The problem with automation is not "losing your job"

(Paywall-free popularization like this is what I do for a living. To support me, see the end of this post)

The problem is after that. Or sometimes before.

The problem with automation is not "losing your job" /img/warehouse-automation.jpg

Last year, Amazon presented several new warehouse robots, that among other things use Artificial Intelligence (AI) to solve problems like “navigating around human workers”. Commenting that announce, Wired wrote that, while it may seem that “machines are poised to take over in warehouses” and that AI holds significant promise for making robots far more capable in general, the perspective for human workers aren’t that bad.
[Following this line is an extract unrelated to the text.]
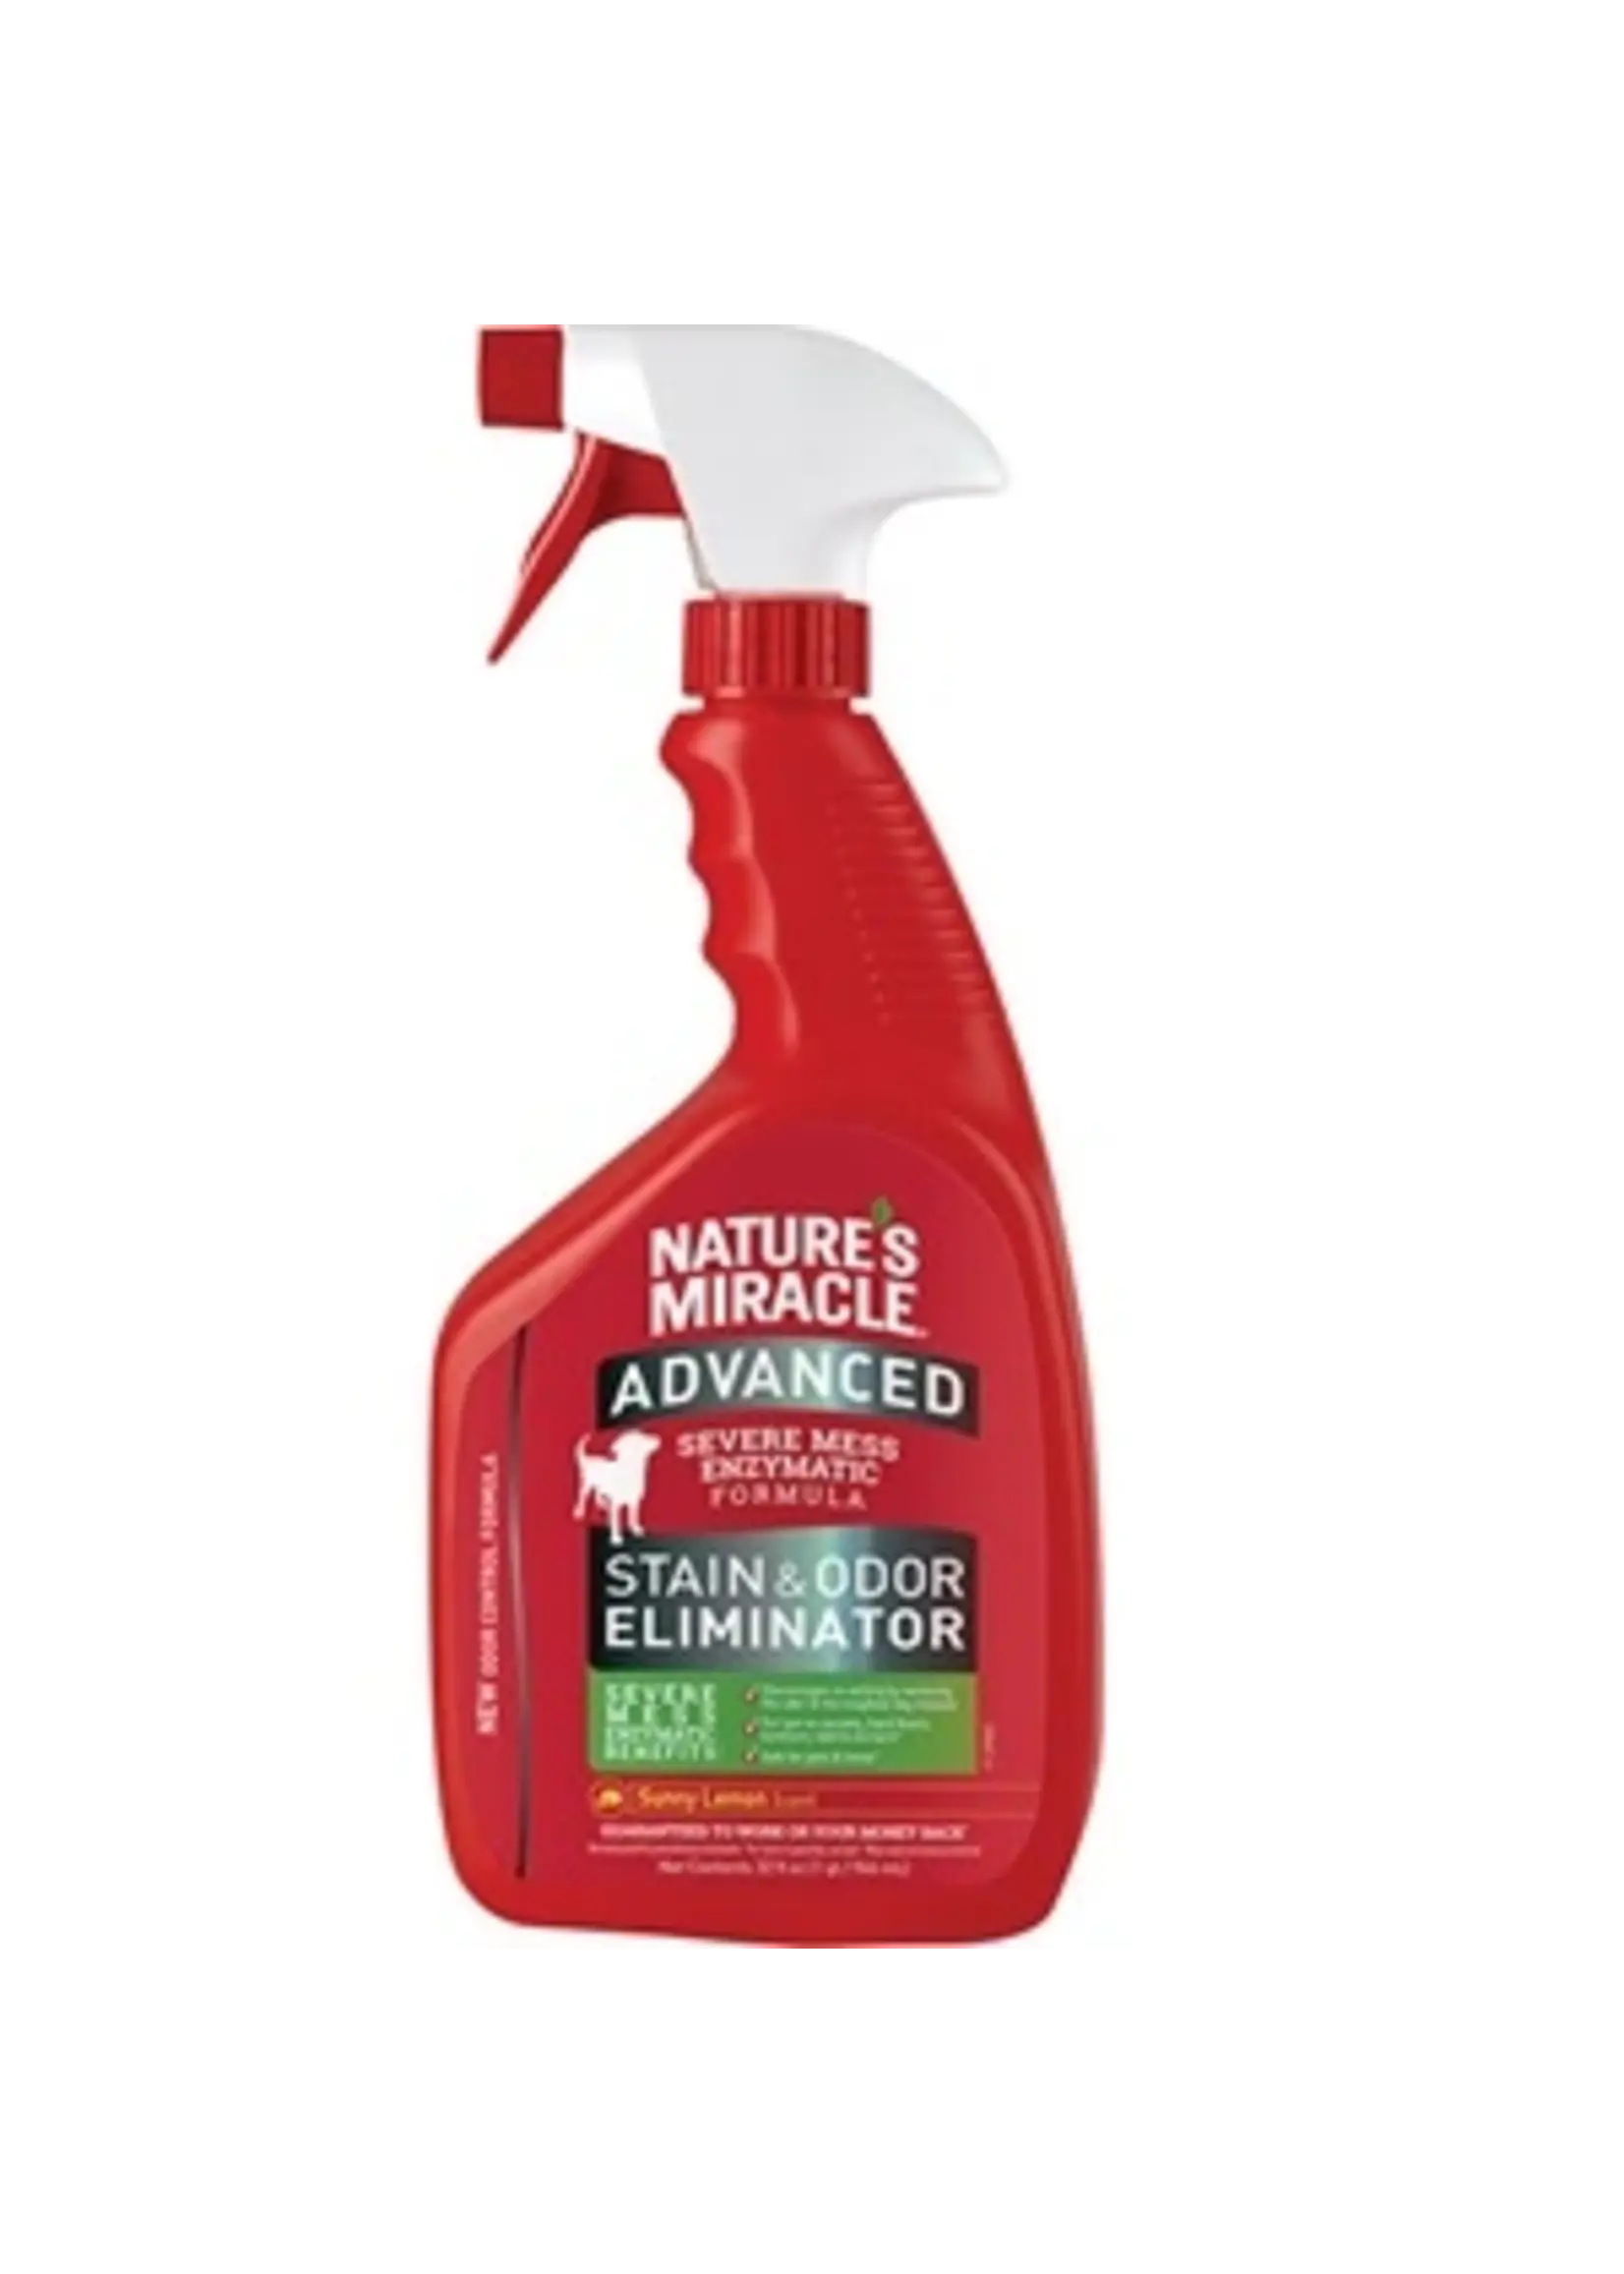 Nature's Miracle Advanced - Severe Mess Enzymatic Stain & Odor Remover Dog

Among other things, proof for this argument include:

  • the fact that “machines only automate work that requires limited intelligence”
  • an expert saying “I am not aware of a single person that has lost their job because of some AI-enabled robot. That’s not to say it hasn’t happened, but it’s just far too rare and far too experimental."

The elephants in that room

First of all, the wording of that and many other articles on the same topics is misleading: if traditional jobs risk to disappear, it’s because of AI, and even more precisely of software, not of “robots”. It’s robots and even AI that are just one of the countless applications of software, not the other way around.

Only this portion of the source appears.